To be sure, the nature and strictness of fasting greatly depend on ethnic, cultural, and local traditions, health conditions, personal preferences, and opinions of individual lay Christians and clergy. Most people, however, agree that at a minimum, fasting includes abstinence from meat. Popular beliefs concerning the reasons for this abstinence are quite murky and range from some notion that meat dishes are best fitting for celebrations to an idea that we partake of animal passions when we eat meat. Naturally, such beliefs - as most popular beliefs - raise more questions than provide answers. A hard-working man eating a cheap turkey sandwich he bought for his lunch at a gas station is hardly celebrating in the same way as someone who roasted a whole pig for his daughter’s wedding, or even as someone who enjoys a vegan tofurky instead of the pig, or who baked a filet of Copper River king salmon - even if with olive oil instead of butter.

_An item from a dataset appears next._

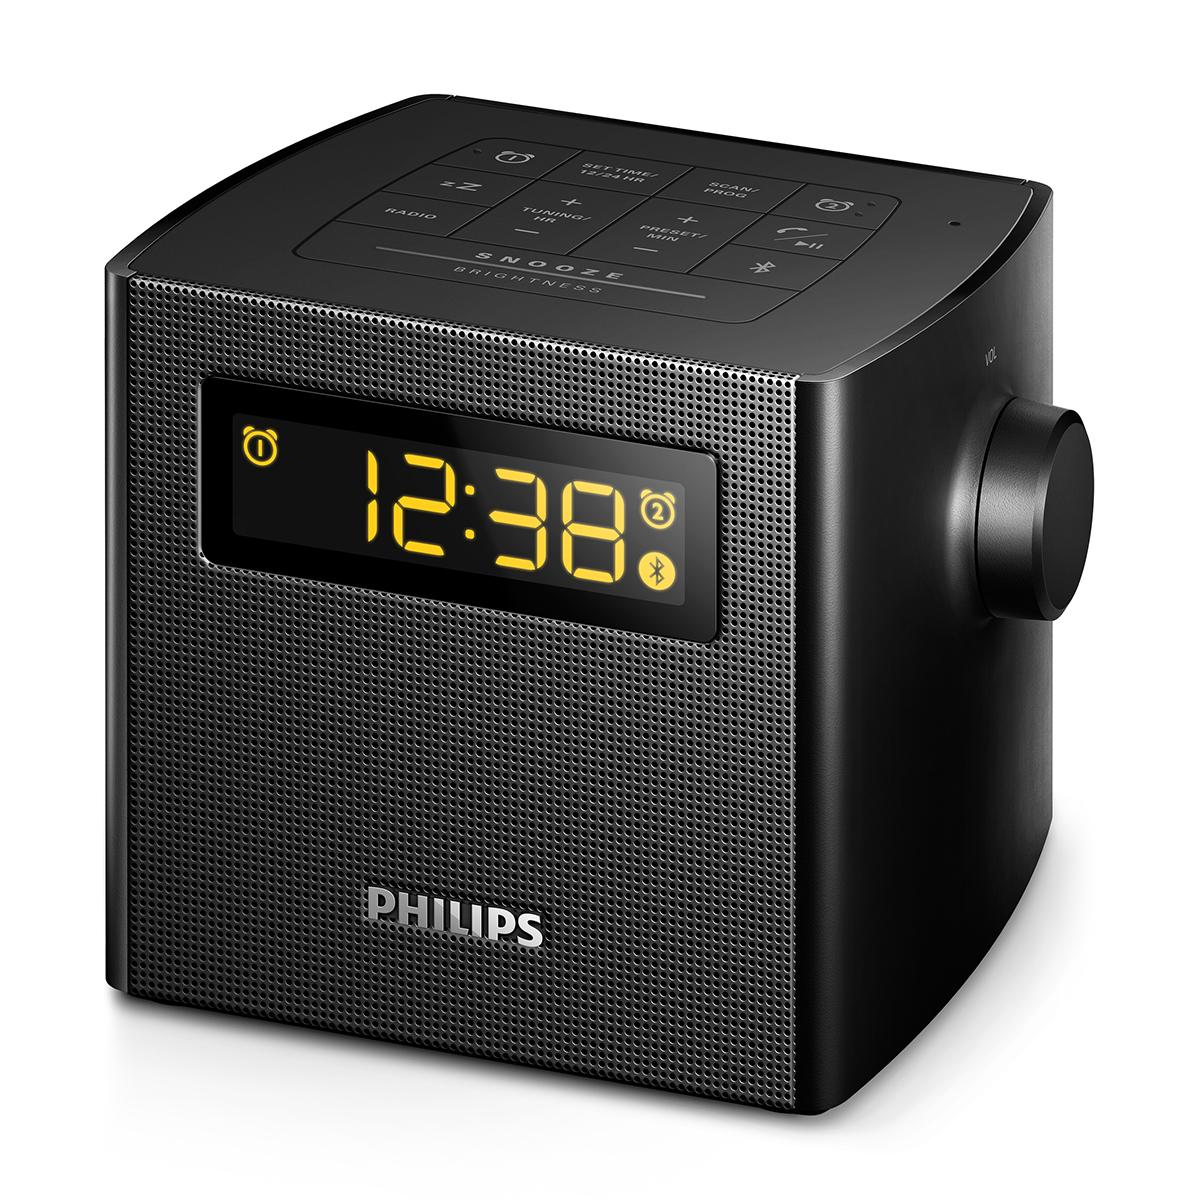 digital radio alarm clock philips digital tuning clock radio aj3116m 37 philips philips aj3400. Black Bedroom Furniture Sets. Home Design Ideas

Likewise, when it comes to passions, it seems that cows, as an example, are a lot less passionate than humans, and we should eat more beef during our fasts in order to attain their serenity and contentment. Some say that Adolf Hitler and many top Nazi officials were vegetarians - at least, for some time during World War II, but few would argue that this type of fasting helped them conquer their passions. Likewise, if most people living in India abstain from eating meat, persistent reports of gang rapes coming from that country are not particularly indicative of a state of passionlessness achieved through the traditional Hindu diet.